This project attempts to build a functional English proficiency test from a sparse dataset consisting of user interactions with multiple choice questions. It began by exploring and refining the available data, moved on to proving that a machine learning model can predict proficiency based on that data, then culminated (for the purposes of this repository) in the deployment of a Web application.

This repository is a capstone project deliverable for the Udacity Data Science Nanodegree. All work was done by Evan Quinlan, including data analysis, data pipeline construction, Web application development, and Web application deployment, during enrollment in the nanodegree program. Work was done while employed by Transparent Language, the proprietor of the data, and is shared publicly and submitted to Udacity with permission of Transparent Language. Please see the License section for more information.

Problem

While I was enrolled in the nanodegree program, a unique data science problem fell into my lap that fit the requirements for a capstone project.

The CEO of the company I work for as Director of Product, Transparent Language, wanted to know if an English proficiency test could be created based on data generated by the company's English language game, Which Is English?. The game challenges players to answer binary questions about the English language then provides them with a score, which may be posted on a leaderboard. A good score, however, doesn't necessarily reflect true English knowledge, since players may have memorized answers or sped through the game to increase their points. The CEO did not want to devote "official" company resources to this endeavor, so he allowed me to pursue it personally and in an "unofficial" capacity, agreeing to let me share the work as long as I respected proprietary company information.
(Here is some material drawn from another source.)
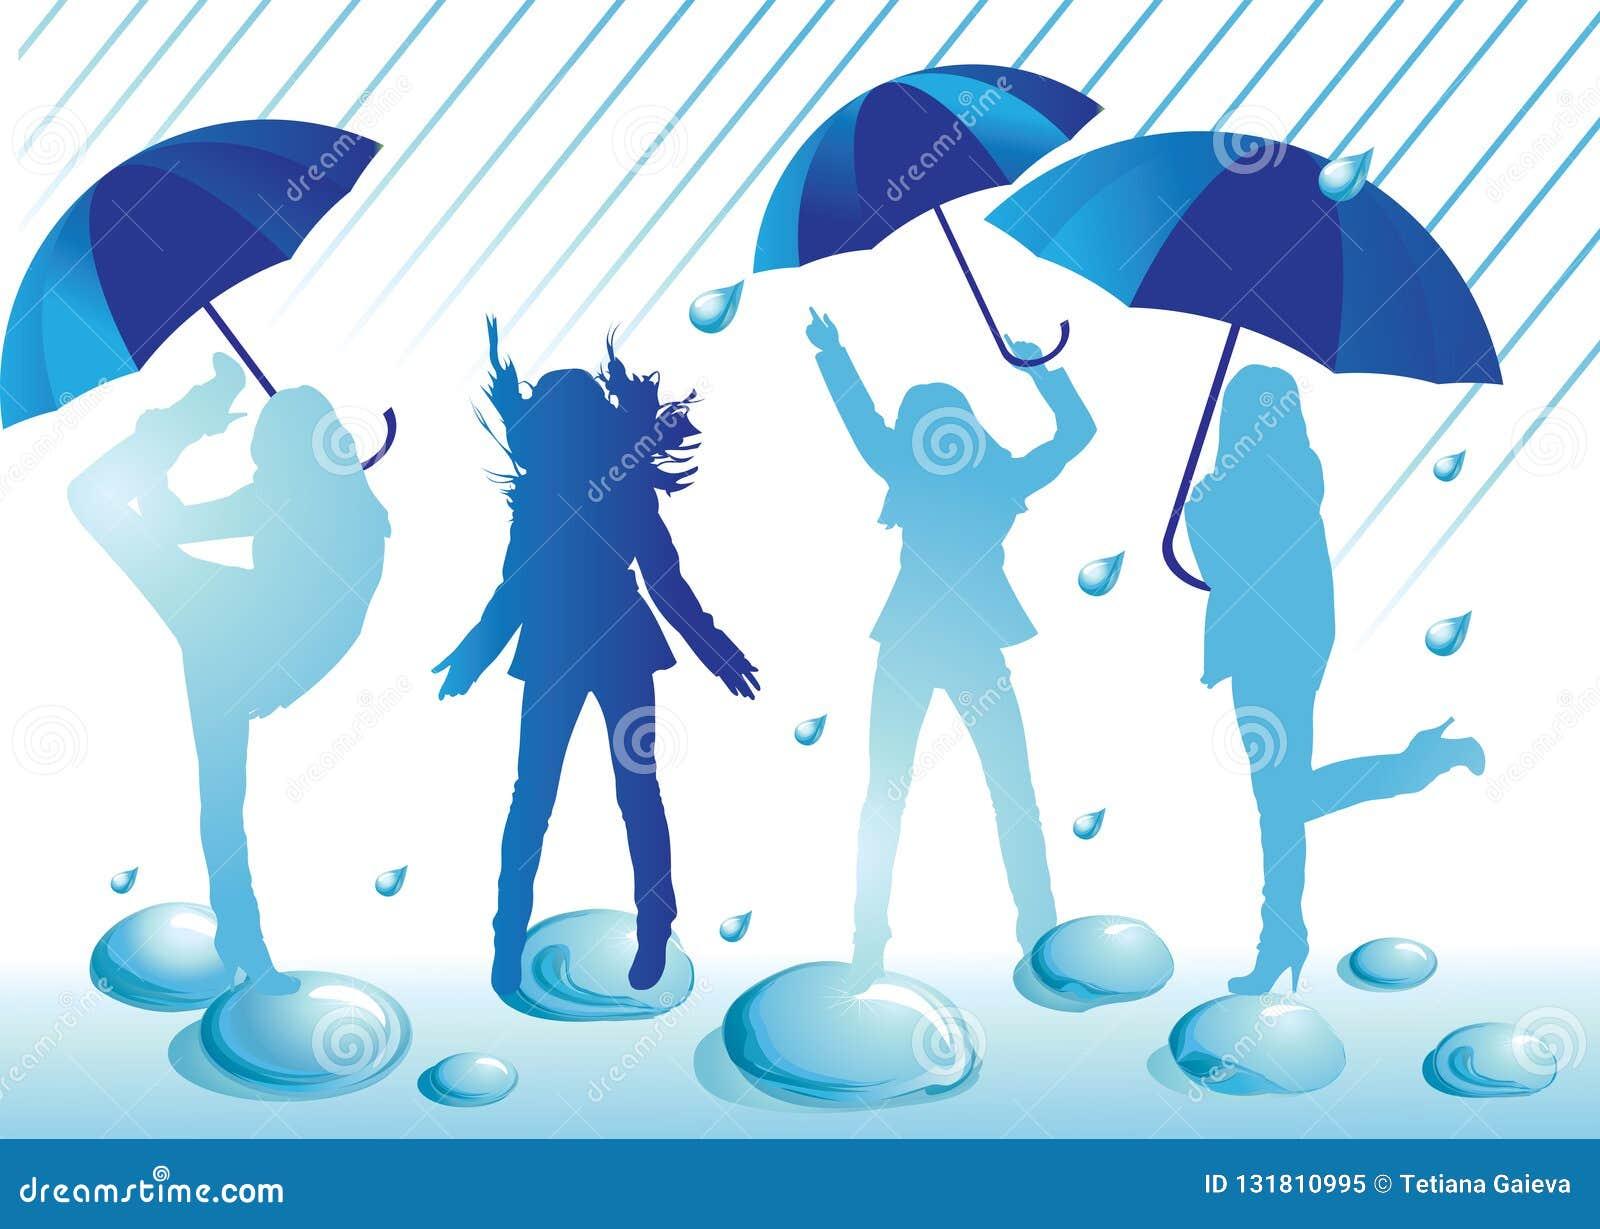 Female silhouettes having fun under the open umbrellas in the rain.

The question is, can data generated by the game form the basis of an English proficiency test? And moreover, can this be done more efficiently than traditional computerized adaptive testing techniques would allow?
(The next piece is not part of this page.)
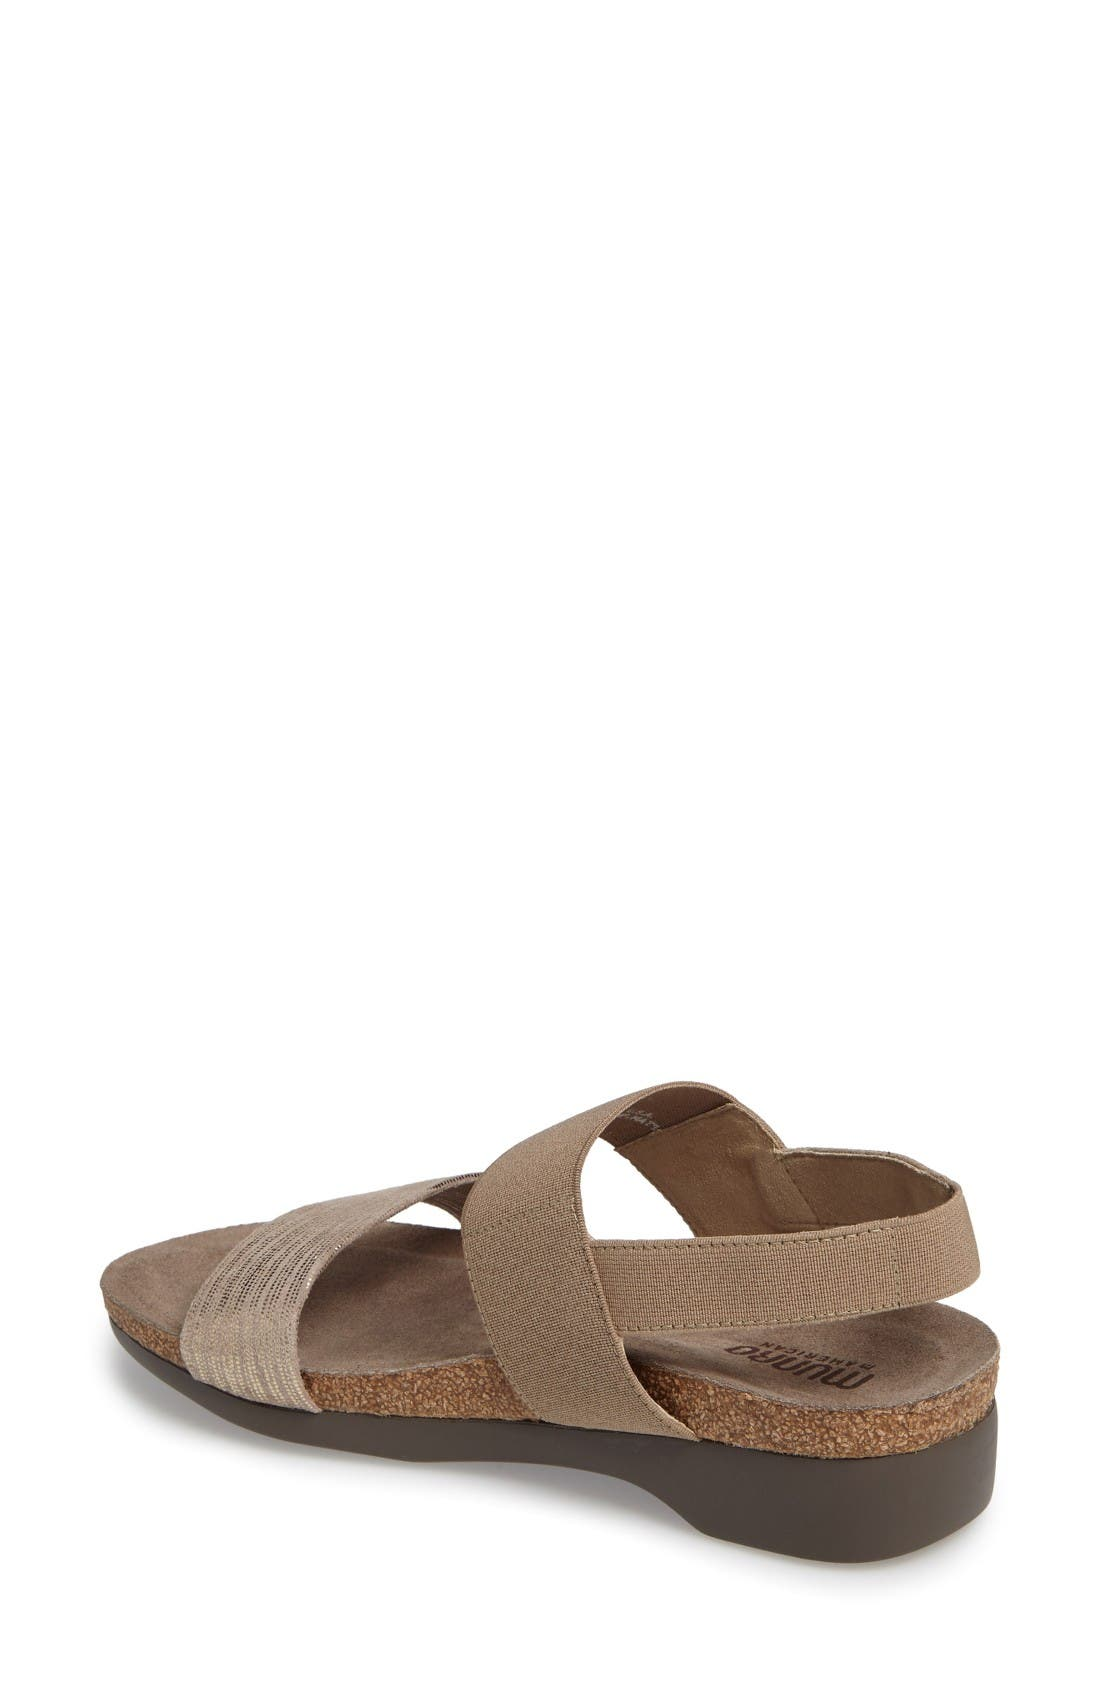 5116e9a19adf8 Women s Sandals Narrow Shoes

What "proficiency test" means to some may differ wildly from what it means to others, but in its broadest sense, it is a series of questions (preferably adaptive) which, after being answered (or skipped, as allowed), indicate the degree of some relative, latent ability in the test-taker. The test need only measure some kind of English language ability, so the answer does not depend on testing all four major language skills, namely reading, writing, listening, and speaking.

Solution

To solve this problem, I will do a little innovating and try to build a decision tree that can be dissected and treated as an adaptive English proficiency test. The steps I took were:

  1. Explore available data from a MySQL database
  2. Extract and explore relevant data
  3. Fill in sparse data with Funk SVD, creating a matrix of predictions of how well each user will answer each item
  4. Use predictive data to create target variables representing user English proficiency scores
  5. Train and test a decision tree
  6. Use the decision tree structure to build an adaptive test

The idea is, I present each node of the decision tree as a test question. Upon receiving an answer, I follow the tree's internal logic to choose the next question. Just like in a traditional adaptive test, questions with the most information (i.e. best ability to discriminate users by their latent ability) are presented first.

Test generation

Libraries

Although unused in this project, to employ the fallback strategy of computerized adaptive testing, I'd use the excellent catsim library.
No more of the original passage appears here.